At OLIVES, we view video active learning from a cost-centered perspective. We present the first active learning dataset FOCAL for sequential cost analysis on video sequences for autonomous driving settings [1]. It consists of a plethora of real-world scenarios that include 149 unique sequences, 109 000 frames, and79 unique scenes across a variety of weather, lighting, and seasonal conditions. In our analysis, we compare popular active learning approaches in singular and sequential setting. For sequential settings, algorithms largely neglect cost information and scale linearly to randomly sampling individual data points; the naïve baseline.
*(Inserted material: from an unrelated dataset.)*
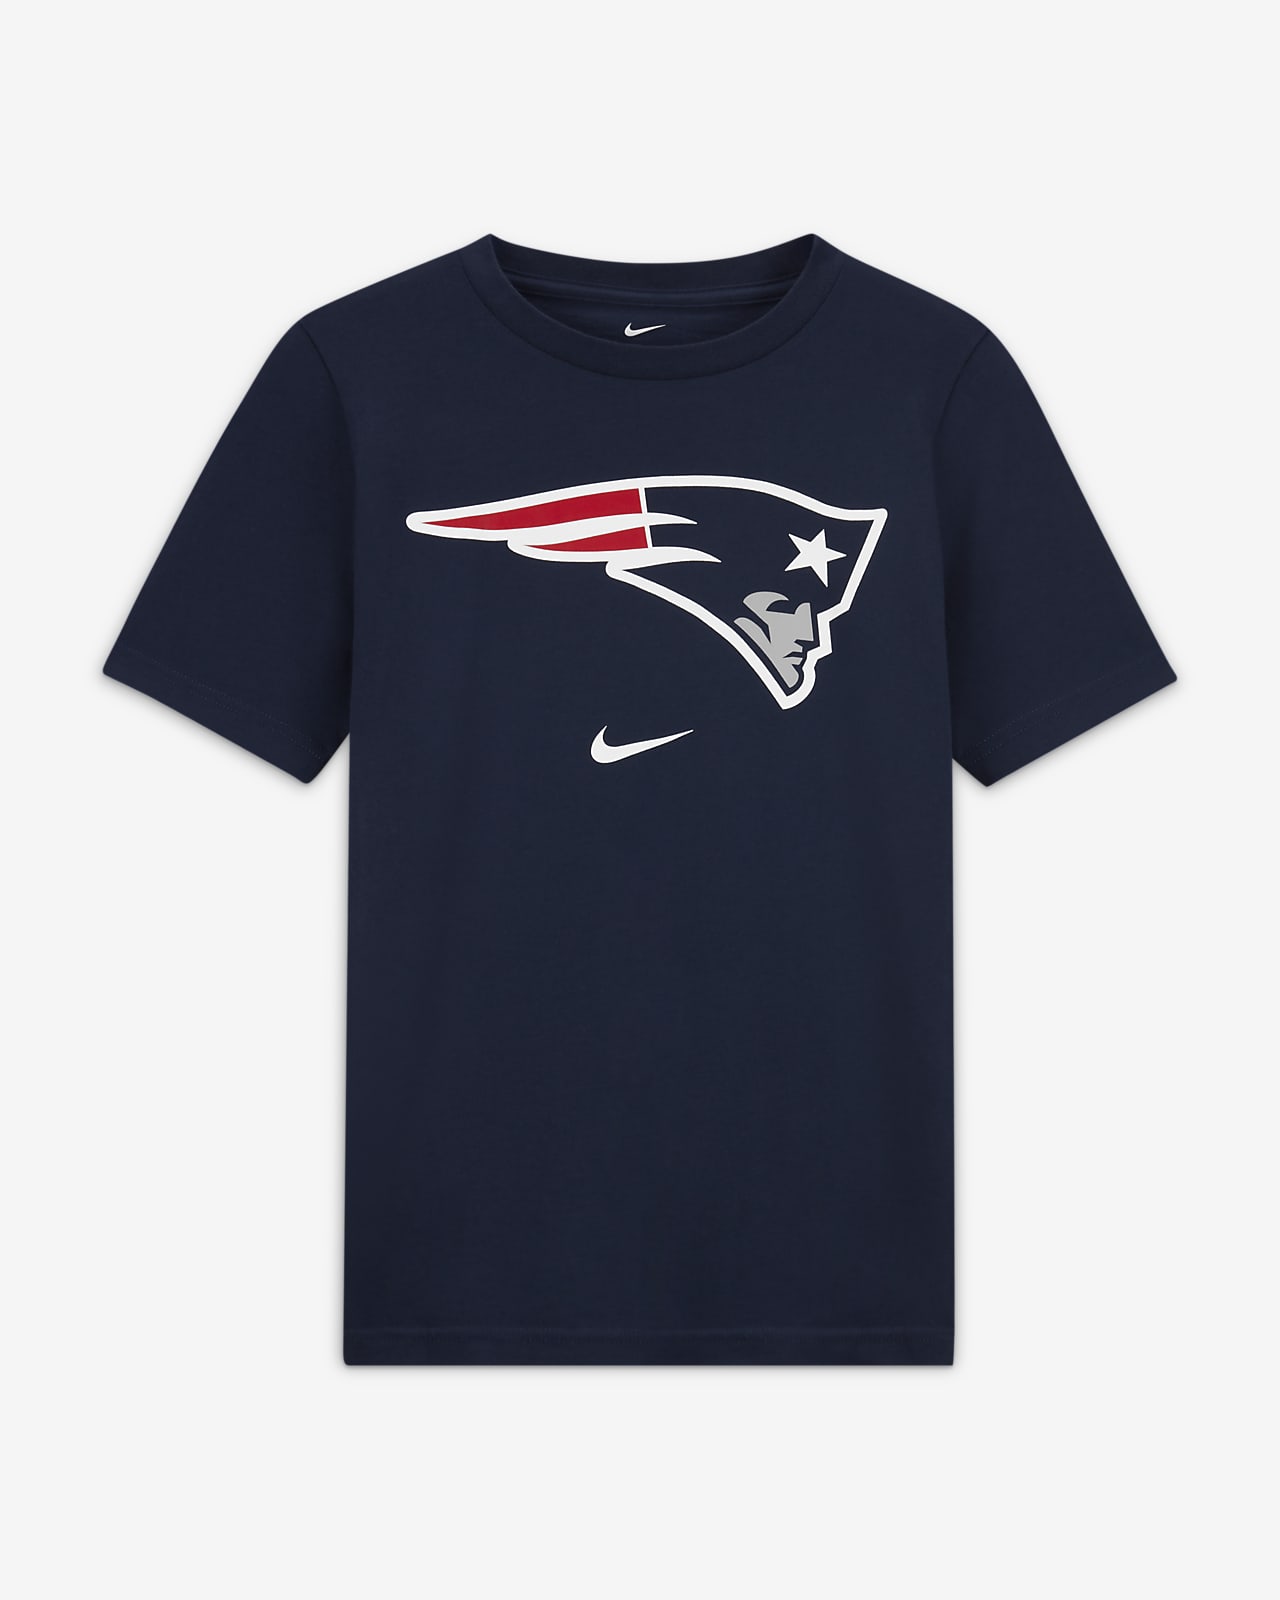 T-shirt Nike (NFL New England Patriots) pour ado

iii.Continual Active Learning for OCT Scans
Previous work has focused on different query strategies for active learning using OCT scans. In particular, [1] improved generalization performance for OCT disease classification by partitioning the training pool by patient identity and sampling based upon this partition, demonstrating how different query strategies can influence model results. Such an approach can be taken for this project, where the query strategies investigated can include using standard query strategies (like random, entropy, etc.) and/or incorporating clinical biomarkers into the query strategy. In addition, our method must combat regression, and the first step in this process is to understand and model the domain shift across visits. Afterwards, we will use a metric, such as the negative fliprate (NFR), to evaluate how much the model is forgetting.